NetApp Kills Off DataFort; Encryption A Feature, Not A Product
Reports that NetApp is killing off the DataFort encryption product line it acquired with Decru in 2005 signals the last gasp of the once-promising storage encryption market. While we argued over Data Domain and whether deduplication was a product or a feature, the market decided that encryption alone does not a product make.
December 22, 2010
Reports that NetApp is killing off the DataFort encryption product line it acquired with Decru in 2005 signals the last gasp of the once-promising storage encryption market. While we argued over Data Domain and whether deduplication was a product or a feature, the market decided that encryption alone does not a product make.
NetApp is talking up Brocade's encrypting switches, which include technology that Brocade licensed from NetApp/Decru as a replacement for DataFort. Decru customers that wanted to encrypt data at rest on their disk arrays could also get encryption add-ons from Cisco for MDS or use Emulex's encryption option for their HBAs. Frankly I'm not a believer that this kind of encryption at rest actually prevents much data loss, but if you are, you still have options.

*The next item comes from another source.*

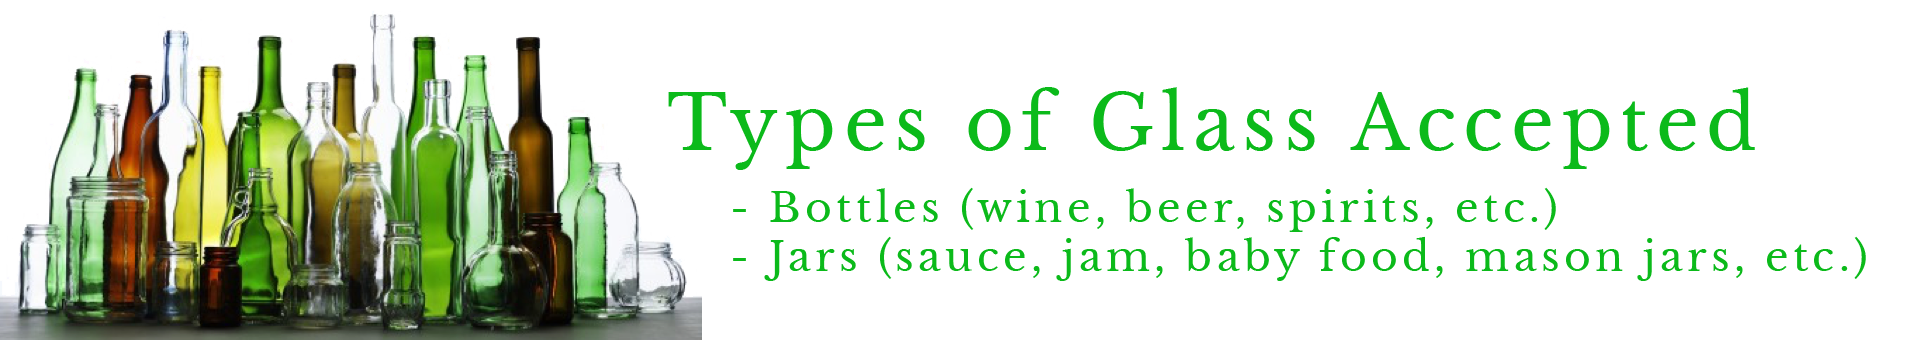 Types of glass accepted include Bottles: wine, beer, spirtis etc.) and Jars (sauce, jam, baby food, mason jars etc.)

Datafort was the last of what, for a while, appeared to be an industry of encryption appliances from deceased vendors like Kasten Chase and NeoScale (snapped up by nCipher, which was itself absorbed by French defense contractor Thales). While Thales continues to sell the Cryptostor tape encryptor, I don't understand why anyone would buy one.
If you come to the reasonable decision that it's time to start encrypting tapes, you could get a Cryptostor and continue to use your old tape library. Alternatively, you could spend the same money replacing the drives in the library with LTO-5 drives that have built-in encryption and spend less on tapes in the future since the LTO-5s store 2 to 16 times as much data as my old drives. Heck, you might even save on maintenance.
The end of Decru's market life is also a commentary on NetApp's ability to manage acquisitions. The truth is, some organizations are better at acquiring technologies and making them their own than others. Cisco's leading position in the Ethernet switching business came through the acquisition of switch pioneer Kalpana, (along with a few competitors), and while most storage guys think of Clariion as a pure EMC product, it was initially developed down the road at Data General.NetApp, on the other hand, has not managed to turn an acquisition into a successful product line. The company has had what can be called , at best, a modest success with Onaro's SANscreen SAN management tools and the NearStore VTL product line derived from Alacritus's technology. Topio's continuous data protection for heterogeneous environments became NetApp's ReplicatorX before the folks in the corner office decided to rename it, yet again, and kill it off.
The jury's still out on the Bycast object storage tech that NetApp snapped up earlier this year, but I'm not that optimistic. The rumors I'm hearing are more about making Data OnTap and filers cloudier with Bycast tech than about NetApp really pushing a new object store product line a la EMC's Atmos.
Despite some well documented delays, NetApp has done better at integrating acquired technologies into Data OnTap with Orca, Troika and, most importantly, Spinaker tech, all of which make NetApp filers the Swiss army knives of storage they are today.